The exploration of possibilities for reducing Jersey Shore flooding has only just begun and some agencies and environmentalists already are complaining that options they don’t like are being considered.

The first interim report on the feasibility of reducing back bay flooding came out in March, a joint effort of the state Department of Environmental Protection and the U.S. Army Corps of Engineers.

Barely a month later, the National Park Service, U.S. Fish and Wildlife Service and environmental groups criticized the first possibe approaches considered under the state-federal multi-year study.

Perhaps this was due to a public relations error by the Army Corps and DEP. Their study’s initial phase only considered where big structures such as flood gates, walls and levees could be effective along the ocean and Delaware Bay coasts.

Environmental groups and Fish and Wildlife said they were disappointed that nature-based flood mitigation, acquiring properties or relocating people weren’t part of the interim report. But the Army Corps and DEP had made clear that future phases of the study will consider those possibilities and more.

The National Park Service offered a long list of possible harms to its Great Egg Wild & Scenic River from a possible flood gate between Longport and Ocean City that the study had found could significantly reduce flooding. Maybe closing such a gate in a storm would disrupt fish migration or flushing of the estuary. Maybe an almost always open gate would somehow reduce water quality, and it would certainly “forever alter” the scenic view east from the Garden State Parkway bridge.

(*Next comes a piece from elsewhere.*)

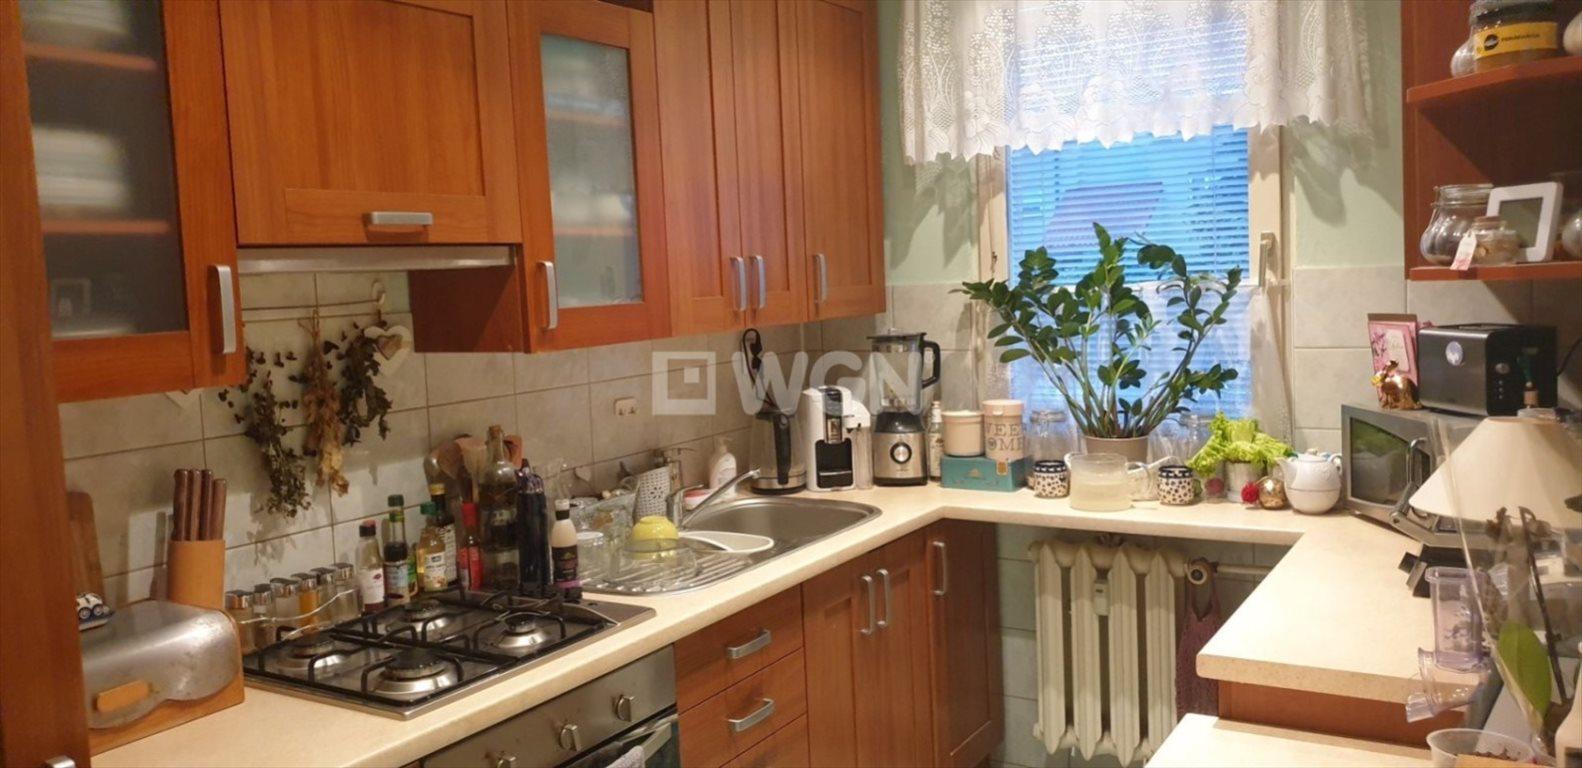 Mieszkanie dwupokojowe na wynajem Szczecin, Gumieńce, Gumieńce  52m2 Foto 7
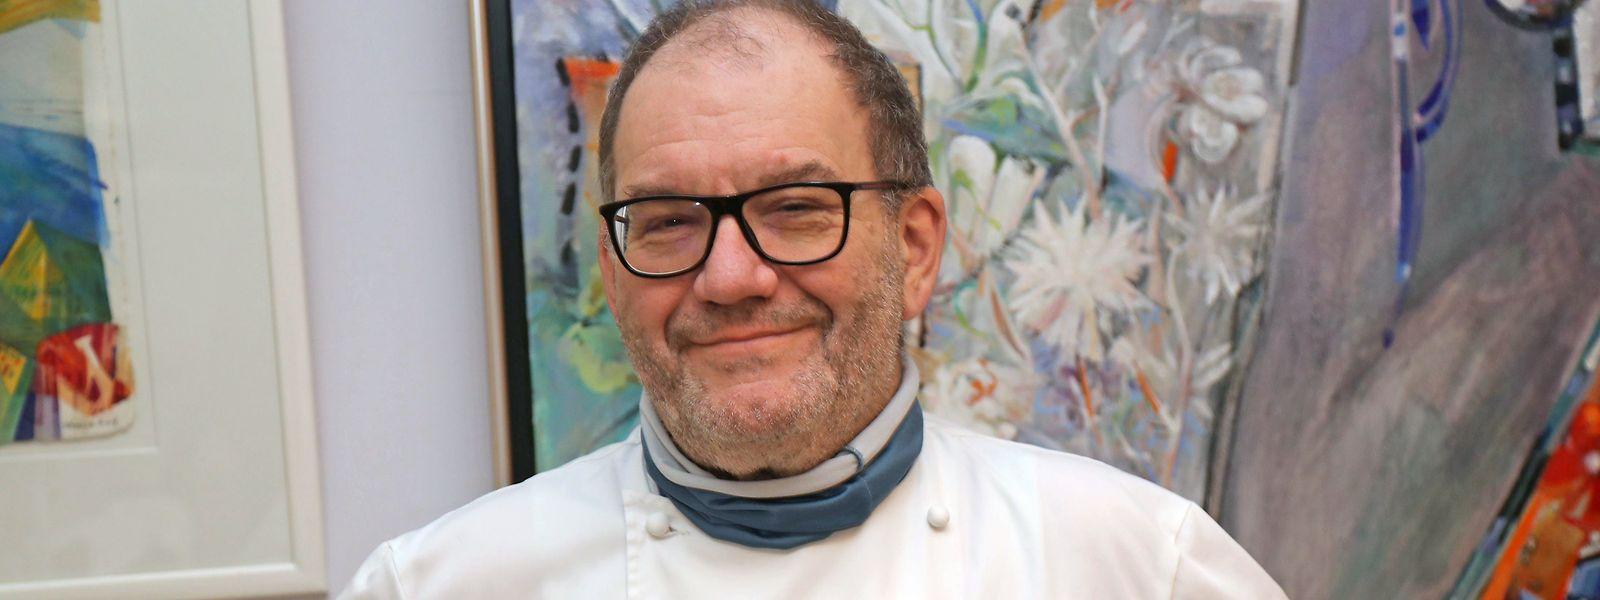 Serge Rihm hängt den Kochlöffel an den Nagel. Nach 40 Jahren sei es an der Zeit, es etwas ruhiger angehen zu lassen, so der 62-Jährige.

Those are legitimate concerns for some point in this decades-long process, but they may look increasingly small compared to the potential cost to people along the coast and even across the state and nation. Any plan that works will involve massive expenditures of political will and public money.

Sea levels are rising and the populations and properties at risk are still increasing. An adequate response to storm flooding will look nothing like business as usual. The DEP and Army Corps should be allowed to complete their feasibility study before attempts are made to alarm or otherwise sway the public.

For now, keeping the following goals in mind should be sufficient. The best flood mitigation plan for the Jersey Shore, even the nation as a whole, will be scientifically sound, politically fair and cost-effective.